***** Information provided *****

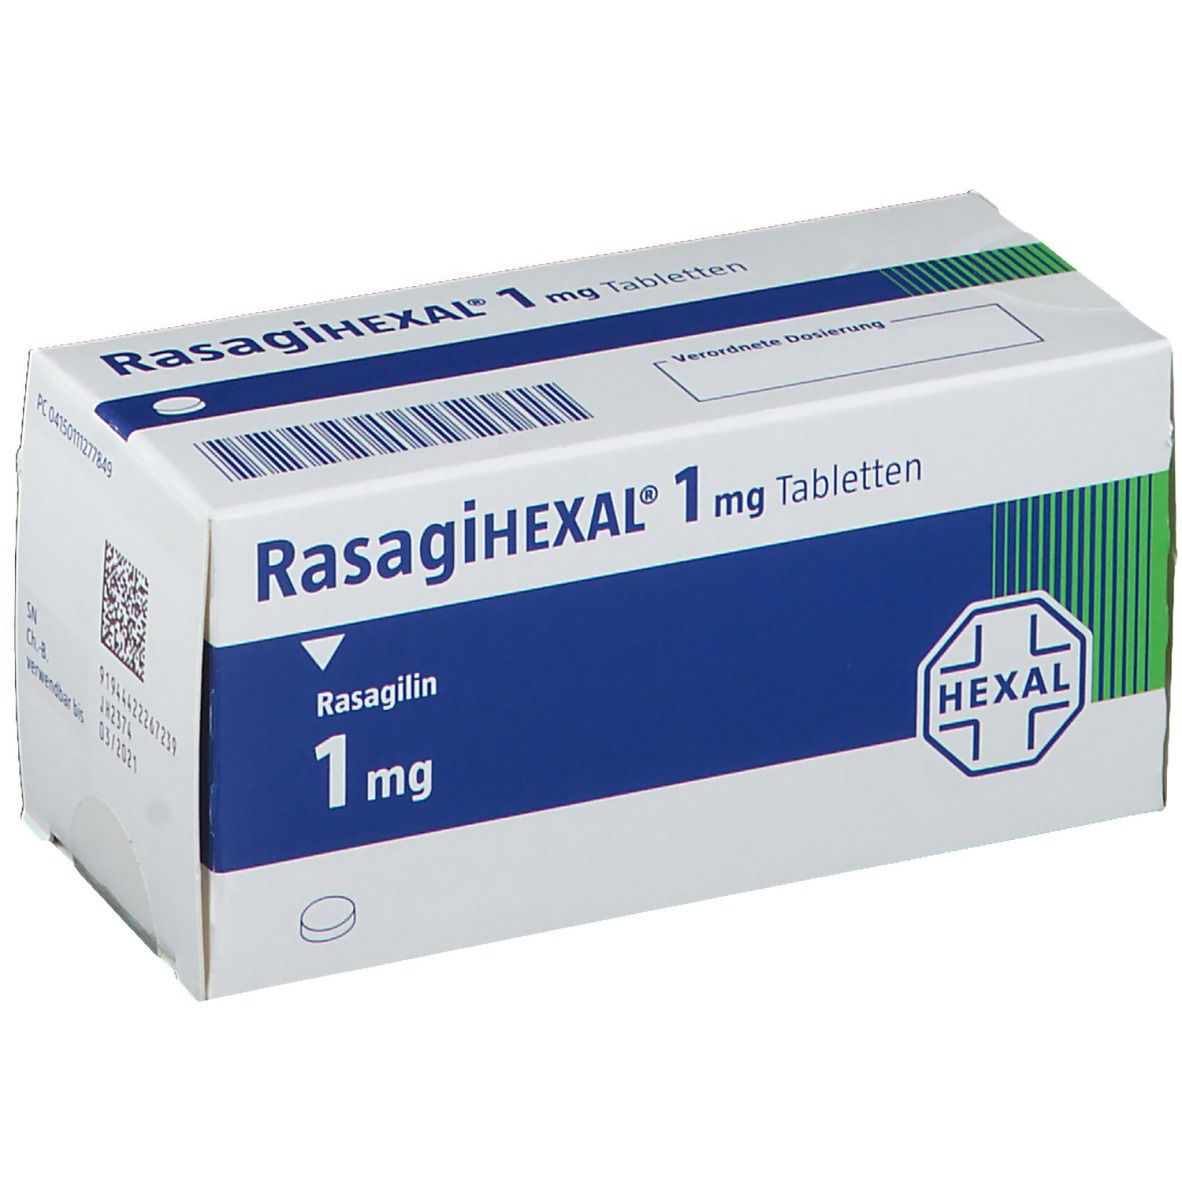 RasagiHEXAL® 1 mg
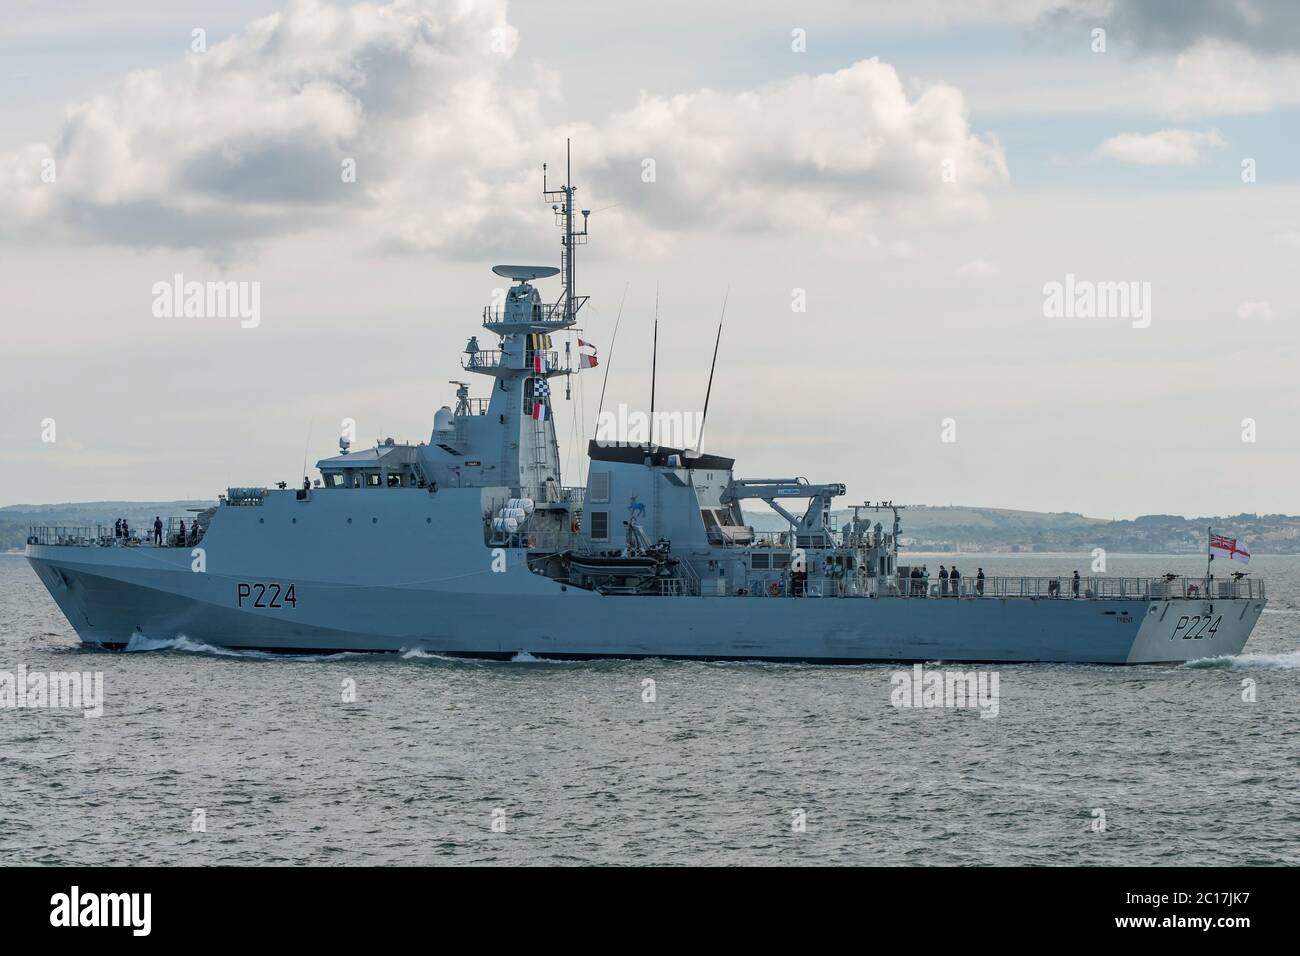 Le navire de patrouille offshore de la Royal Navy, HMS Trent (P224), a quitté Portsmouth (Royaume-Uni) dans l'après-midi du dimanche 14 juin 2020 pour effectuer des patrouilles dans tout le Royaume-Uni. Banque D'Images
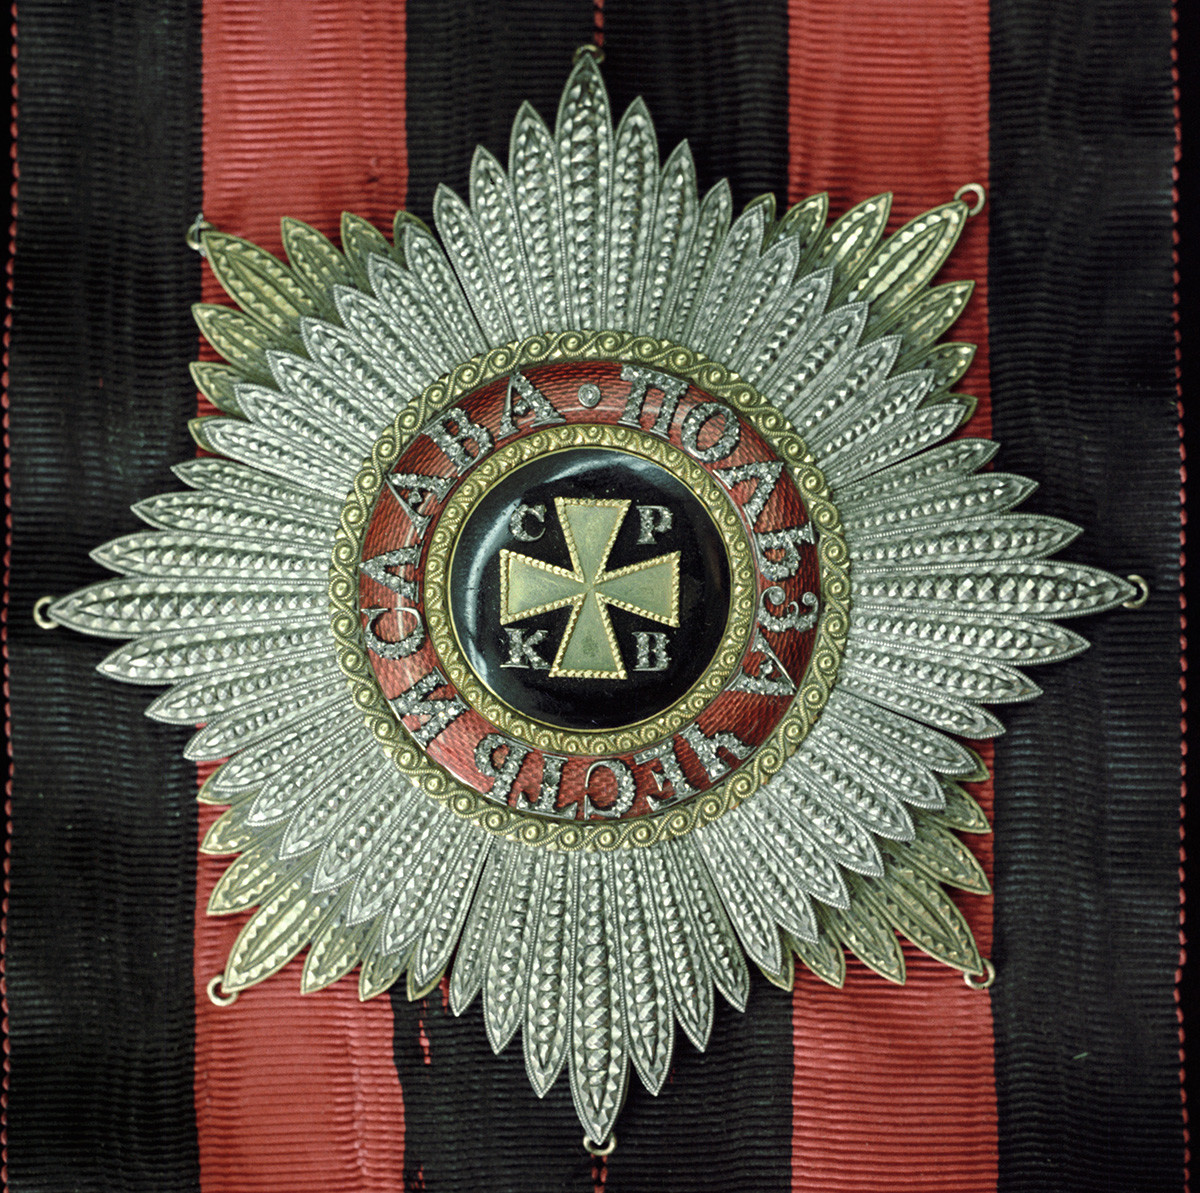  Звезда Ордена светог Владимира првог степена из ризнице Државног историјског музеја.
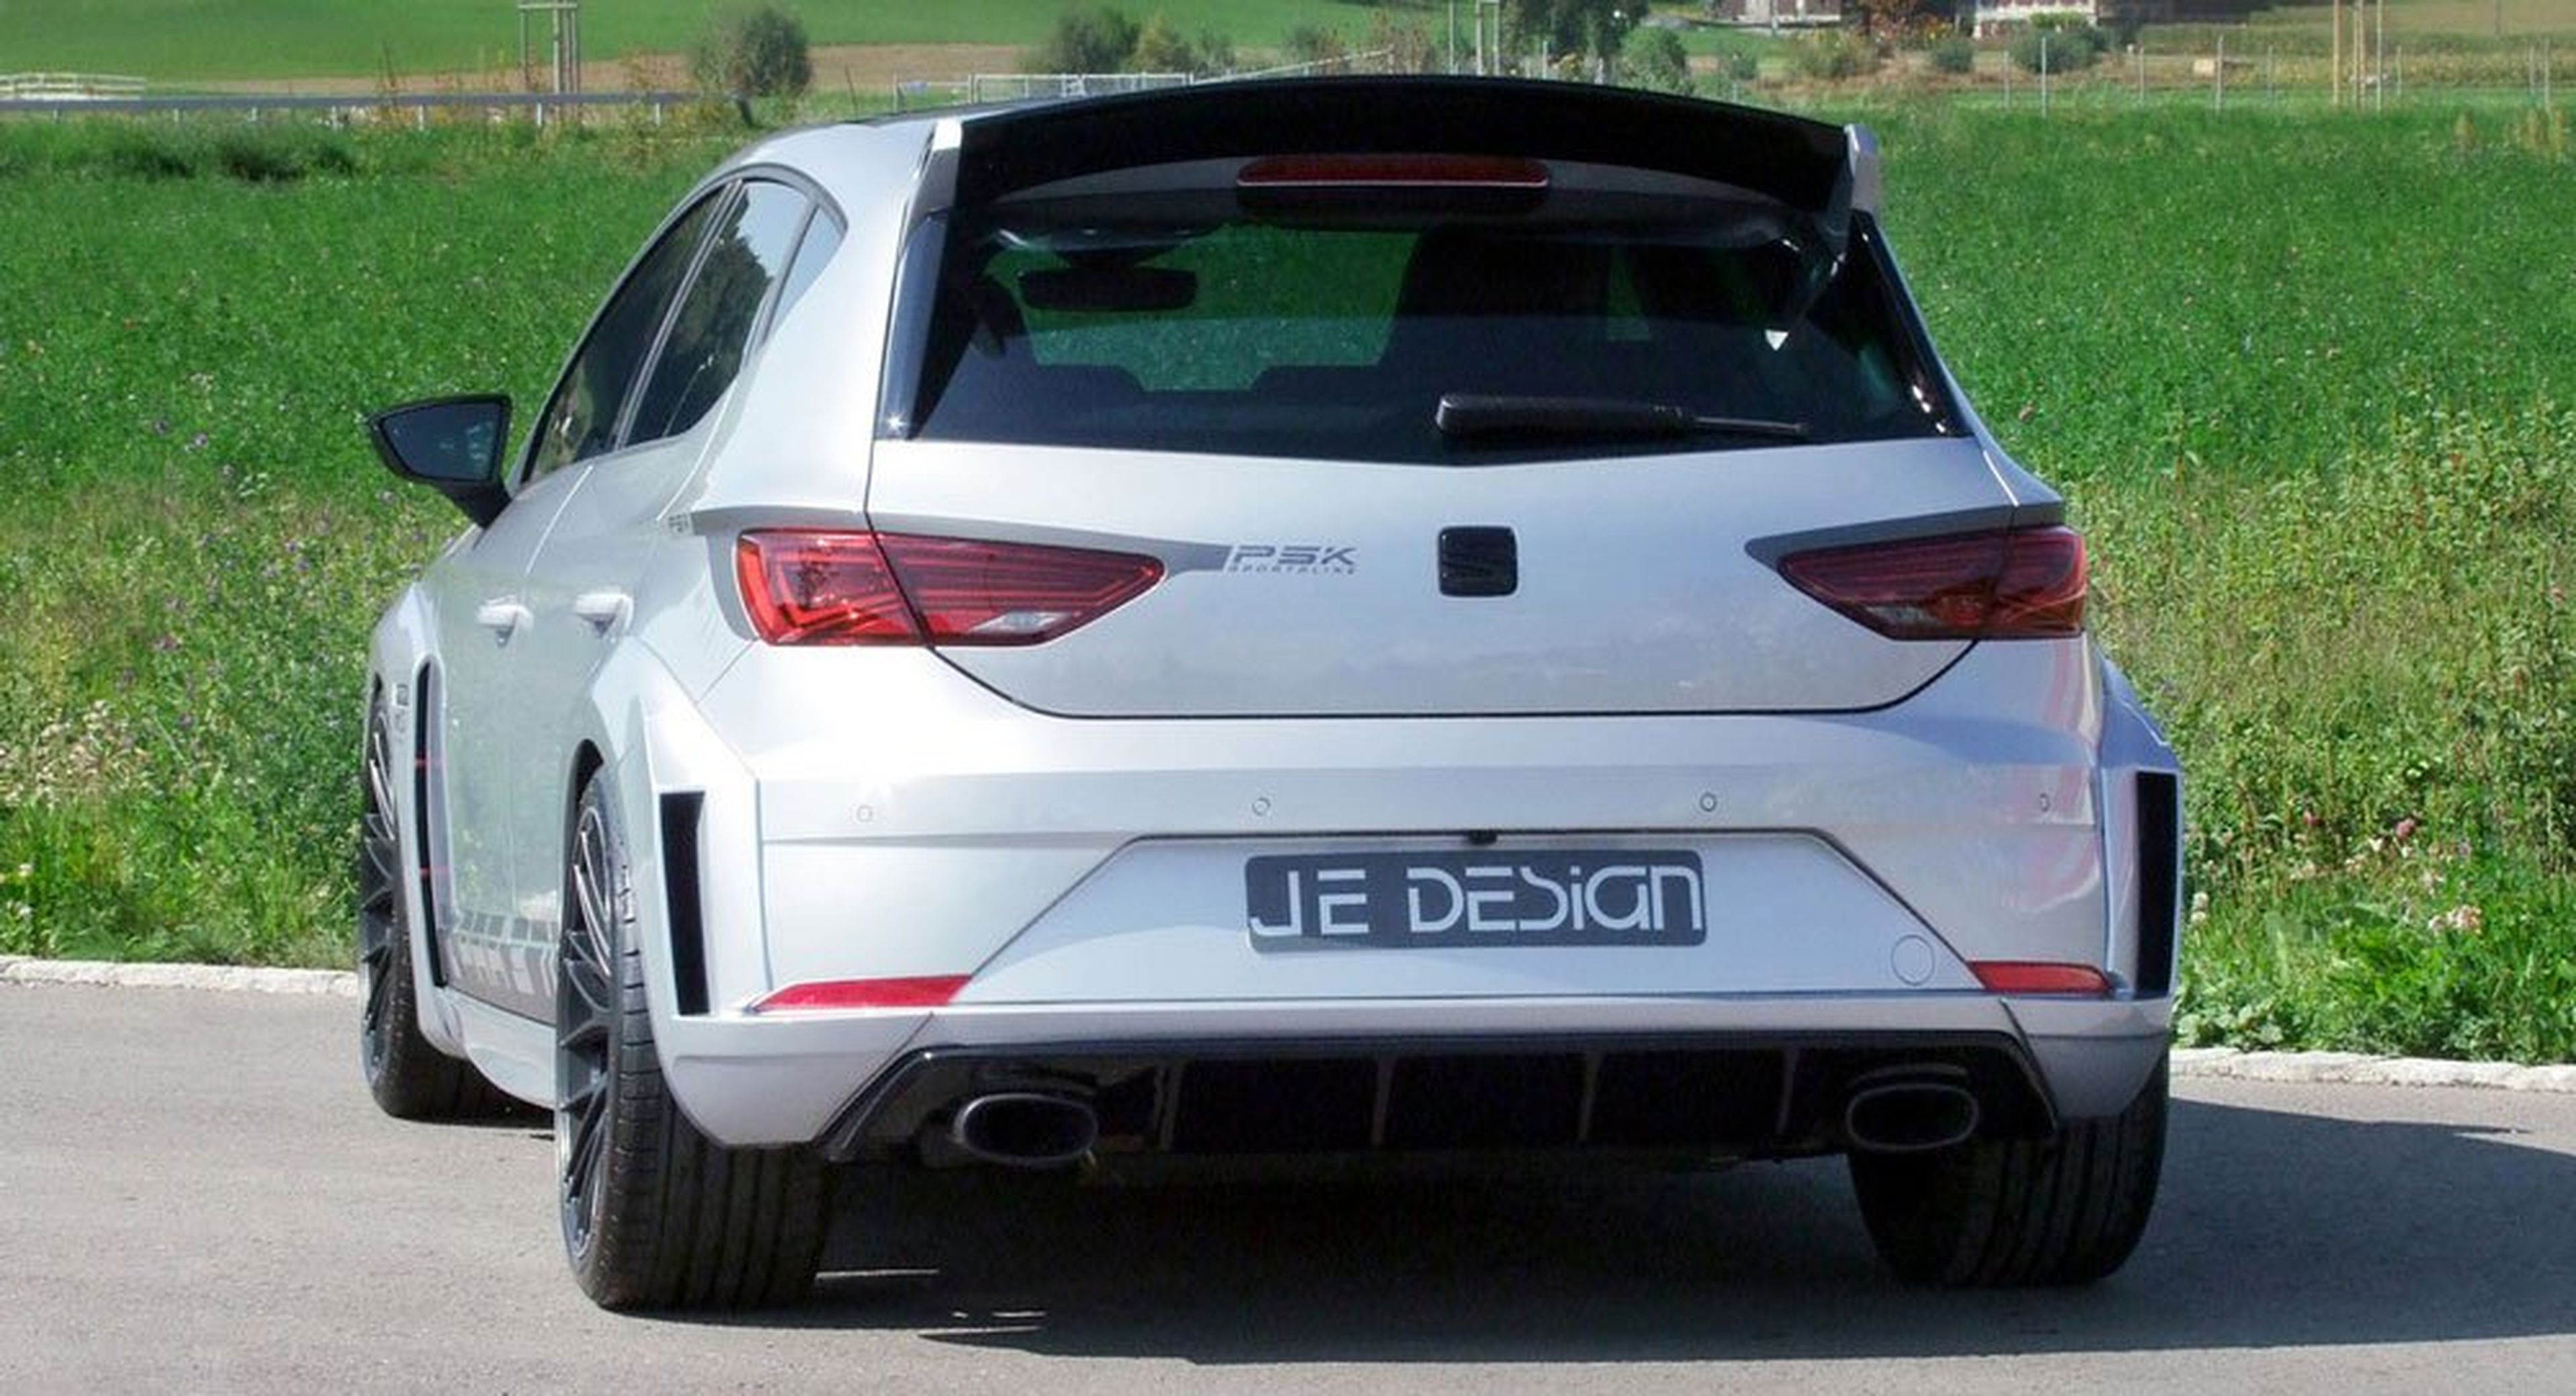 JE Design Seat León Cupra 300

*****

Problem statement >> When you reach the line containing "Звезда Ордена светог" in the listing above, reproduce it and every line after it through the last, exactly; omit the pictures.

Solution to the problem >>
  Звезда Ордена светог Владимира првог степена из ризнице Државног историјског музеја.
 JE Design Seat León Cupra 300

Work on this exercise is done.